Per tutto il 1610 Galileo:

 Acquisì informazioni precise sulla superficie della luna, stabilendo che presentava delle irregolarità
 Studiò la Via Lattea, che si rivelò un insieme di stelle lontanissime, che allargavano i confini
dell'universo
 Scoprì i quattro maggiori satelliti di Giove, osservando che anche i pianeti possono avere dei satelliti
 Scrutò il sole, vedendovi delle macchie in movimento.

Le nuove scoperte vennero pubblicate nel 1611 nel Sidereus Nuncius, opera che Galileo inviò al granduca di
Toscana Cosimo II de Medici e che gli valse una posizione da insegnante a Firenze. Nel 1611 la Chiesa e il
Sant'Uffizio iniziarono a prestare attenzione alle opere così il matematico pisano si recò nel marzo 1611 a
Roma, dove fu accolto da papa Paolo IV e dove fu iscritto all'Accademia dei Lincei
Il nuovo metodo scientifico e il sistema copernicano

Nel 1614 a Firenze il frate Tommaso Caccini accusò di contraddire le Sacre Scritture con le loro concezioni
astronomiche ispirate alle teorie copernicane i matematici moderni, e in particolare contro Galileo, il quale
aveva aderita alle idee di Keplero riguardo il movimento dei pianeti e alla teoria eliocentrica.

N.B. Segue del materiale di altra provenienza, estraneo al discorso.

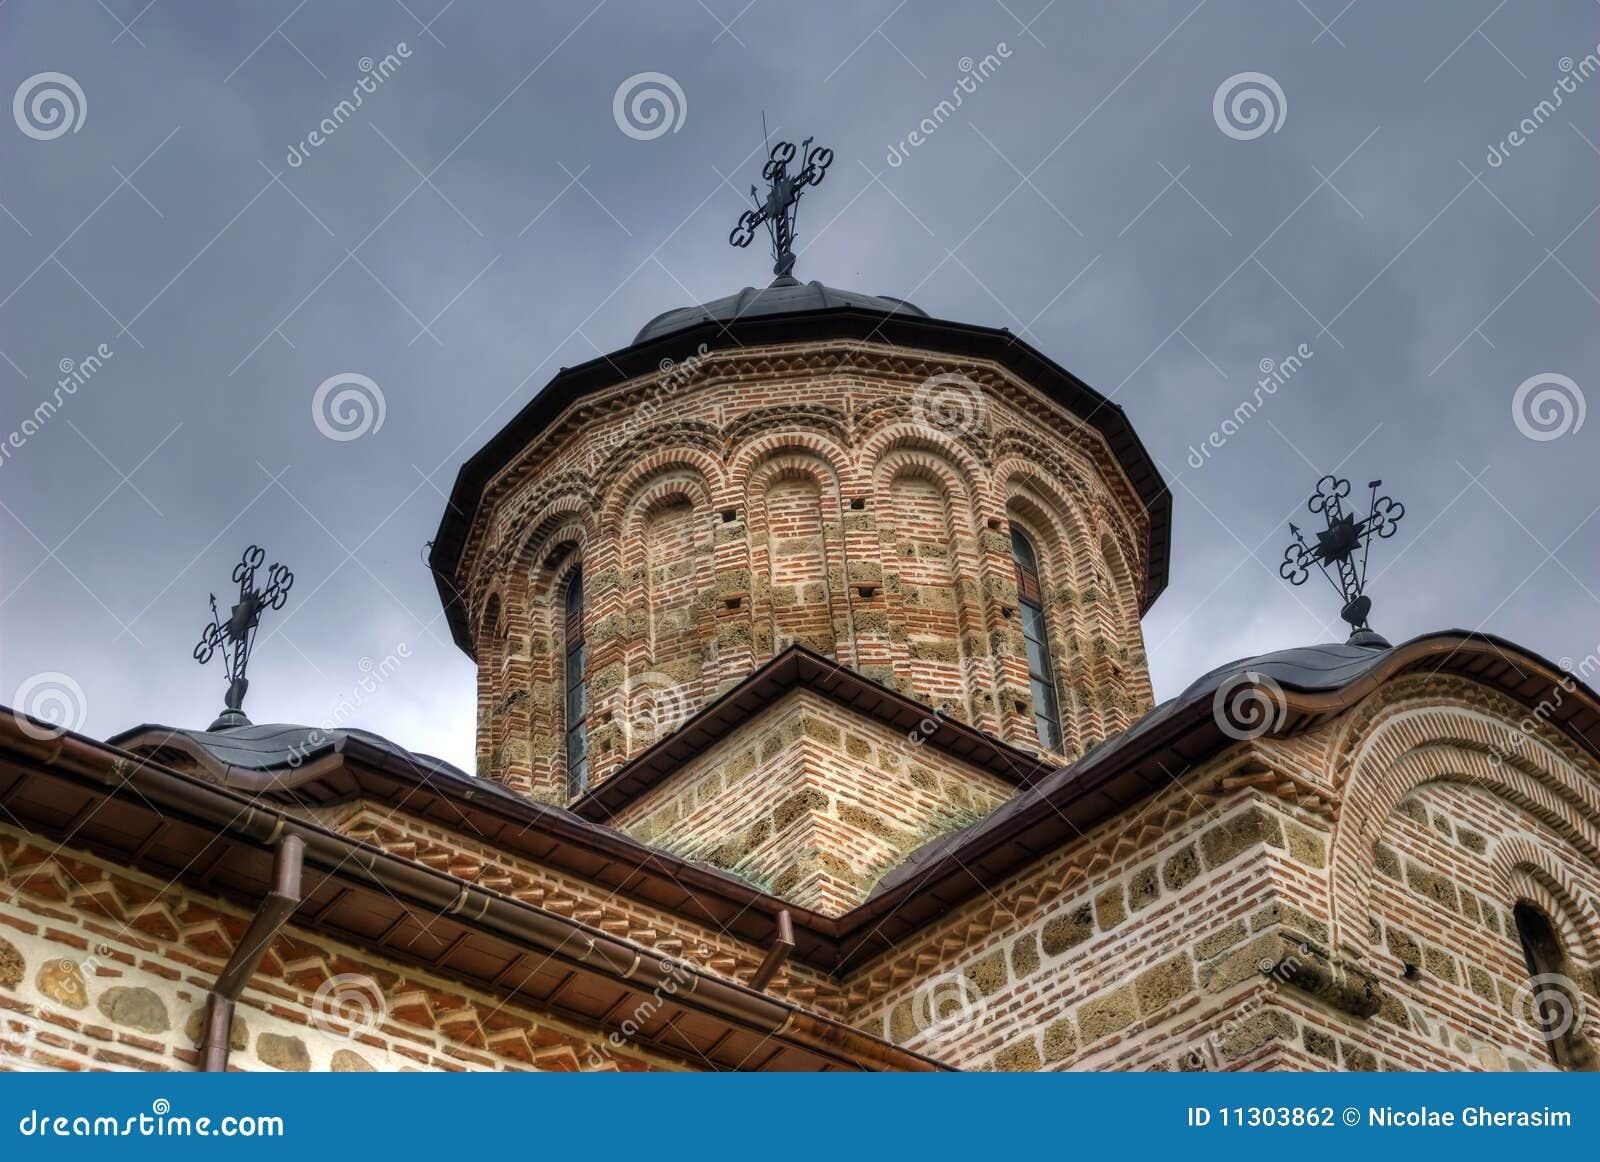 Alte orthodoxe christliche Kirche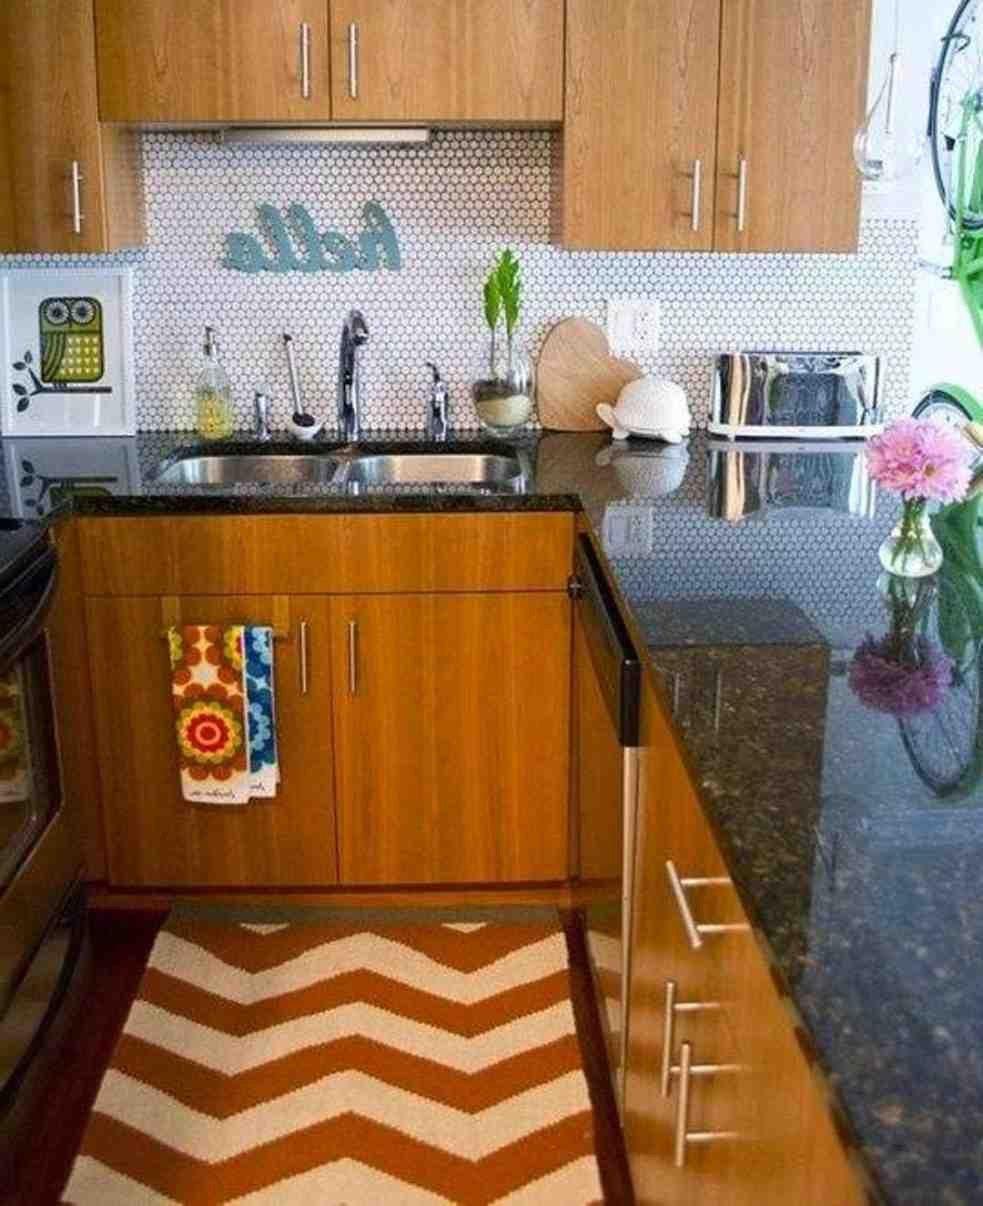 Kitchen Decor Ideas for Apartment Luxury Small Apartment Kitchen Decorating Ideas Decor Ideasdecor Ideas

I teologi
puntualizzarono il loro dissenso contro Galileo, costui cerco di giustificarsi nelle cosiddette lettere
copernicane e nel saggiatore. In queste due opere Galileo riportò i ruoli degli enti chiesa e scienza, che
secondo lui dovevano rispettare: La prima ha carattere morale e salvifico e non deve curarsi dell’approccio
scientifico, la seconda invece ha il compito di osservare, definire e confutare attraverso il metodo
scientifico.

Le discussioni di carattere scientifico dovevano basarsi sulla creazione di un'ipotesi che nasceva dalla teoria
e che trovava conferma nell'osservazione diretta della realtà naturale.

L'osservazione andava effettuata raccogliendo dati che portavano a una lettura matematica dell'esperienza
stessa, si arrivava così a:

 Sensate esperienze, nate dall'osservazione sistematica e scientifica della realtà naturale mediata dalla
matematica e a partire da un'ipotesi teorica
 Certe dimostrazioni, le conferme ottenute dall'osservazione continua del mondo.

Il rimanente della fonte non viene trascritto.